L’épicerie ne se fera, vraisemblablement, plus jamais comme avant. La pandémie a bousculé les habitudes des consommateurs et, forcément, celles des grandes enseignes, qui ont dû accélérer leur virage numérique pour répondre à la demande. Portrait d’une industrie en pleine ébullition.

Nathaëlle Morissette Nathaëlle Morissette
La Presse

Marie-Eve Fournier Marie-Eve Fournier
La Presse

« Le volume [de ventes en ligne] qu’on a atteint pendant ce temps-là, on pensait l’atteindre dans trois, quatre ans, affirme sans détour Carl Pichette, vice-président marketing et solutions mobiles chez IGA. On parle de 10 fois ce qu’on avait auparavant. »

En l’espace de quelques semaines, au plus fort de la pandémie, les différentes enseignes ont fait un énorme bond vers l’avant, forcées d’investir d’importantes sommes d’argent – dépenses qu’elles avaient normalement inscrites au budget des prochaines années – et de revoir entièrement leur modèle d’affaires afin de maximiser leur service d’achats virtuels. Aucune entreprise n’a toutefois voulu révéler les montants investis.

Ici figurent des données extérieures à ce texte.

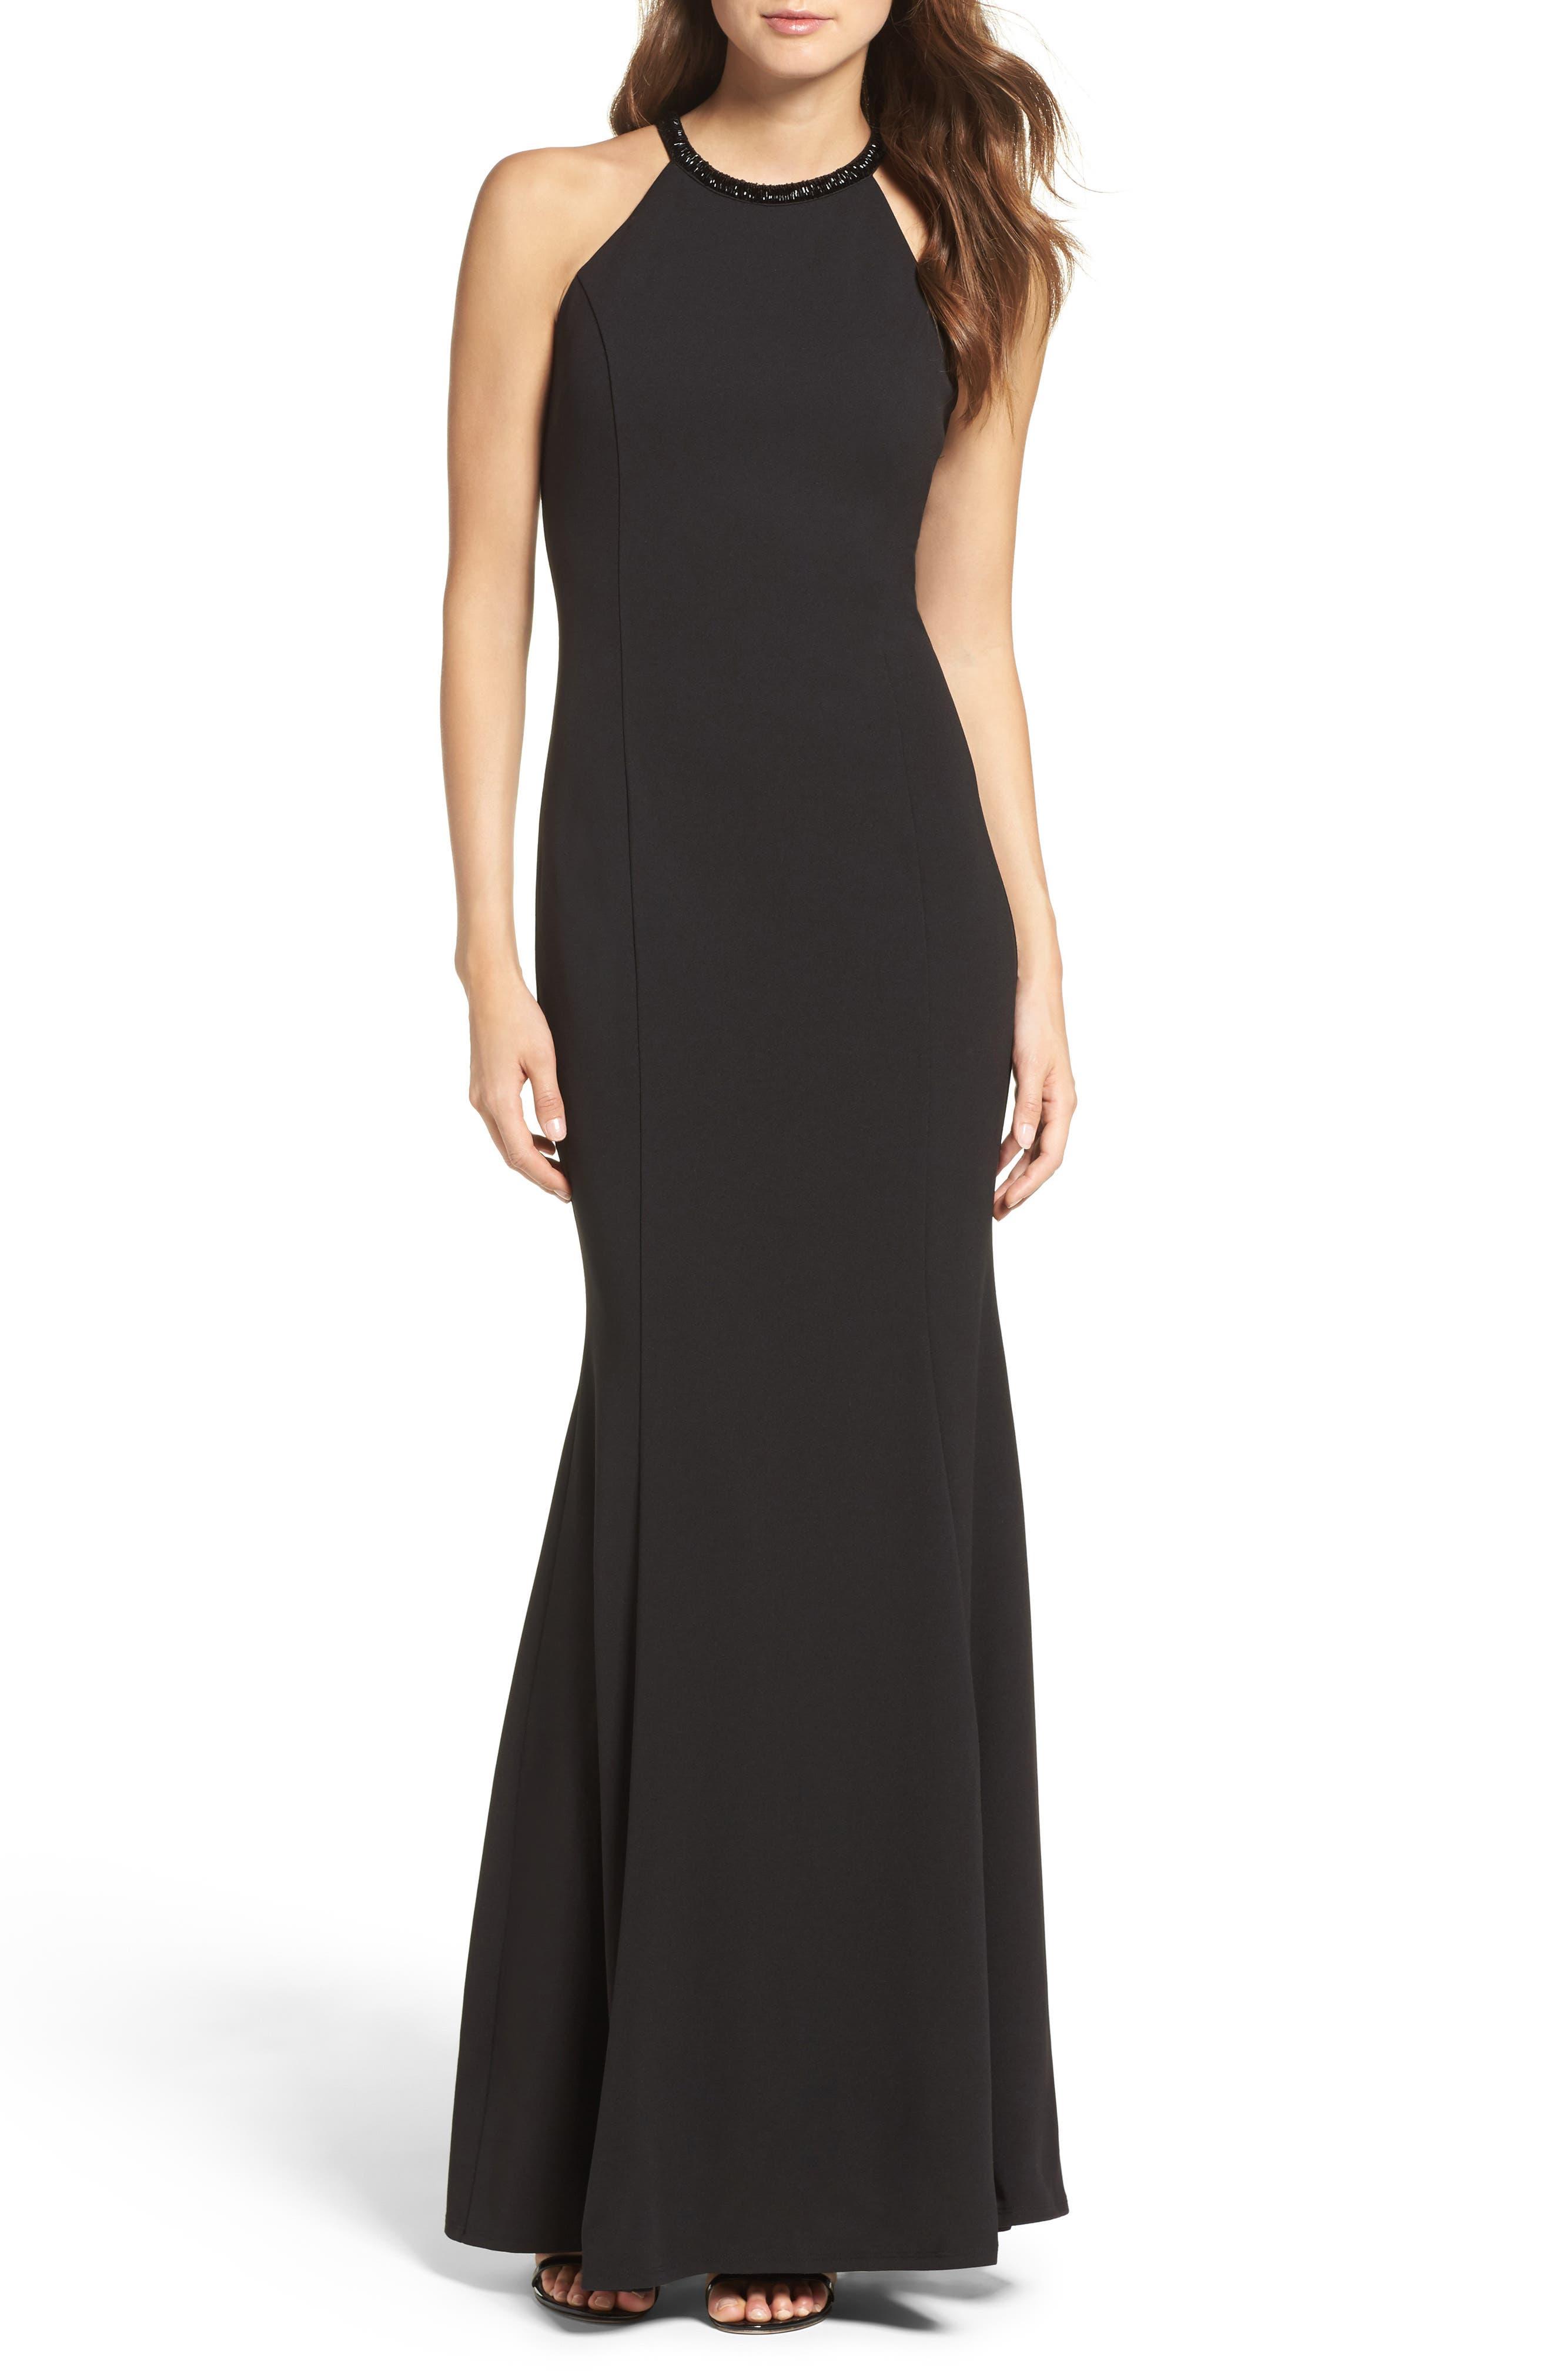 LULUS Bead Neck Mermaid Gown, Main, color, BLACK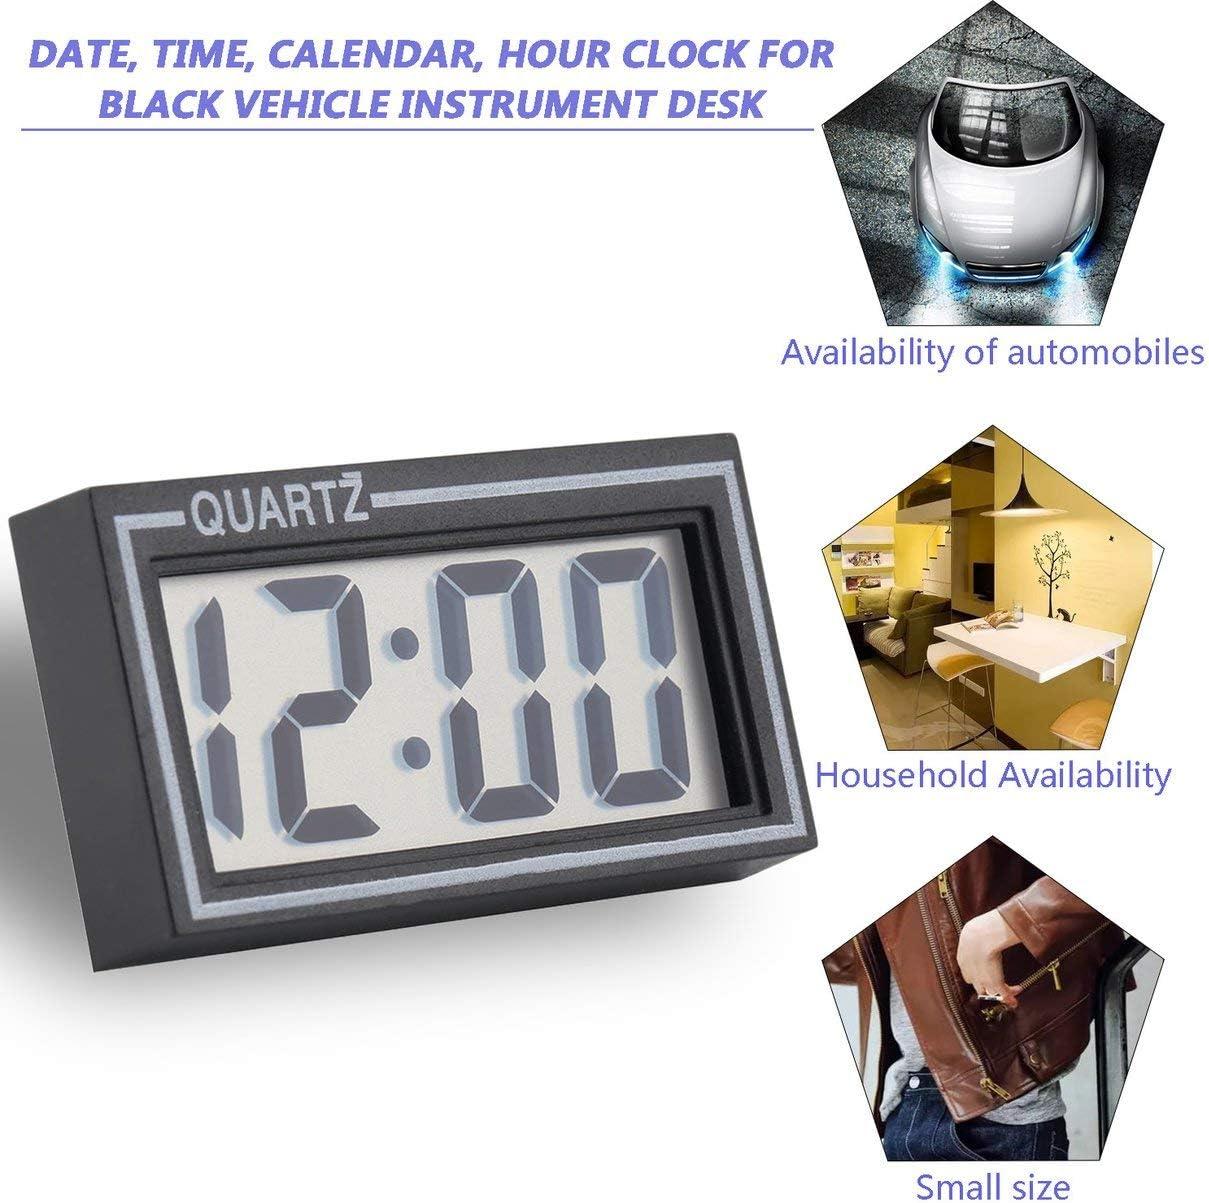 Petite taille en plastique noir Tableau LCD num/érique Tableau de bord de voiture Bureau Date Date Calendrier Petite horloge avec fonction de calendrier TS-CD92 couleur: comme le montre limage

Nouveaux concepts de magasins

Les ventes en ligne de Maxi étaient « marginales » avant la pandémie. Prise littéralement d’assaut par les internautes dès les premiers jours de la crise – avec 500 % d’augmentation du volume –, l’enseigne à bas prix n’a eu d’autre choix que d’engager plus de 500 personnes responsables du traitement des commandes et de la création de cinq « magasins satellites », fonctionnels dès la fin octobre, d’où partiront toutes les livraisons d’épicerie en ligne pour la grande région de Montréal, explique Johanne Héroux, directrice principale, affaires corporatives et communications de Loblaw (Maxi, Provigo).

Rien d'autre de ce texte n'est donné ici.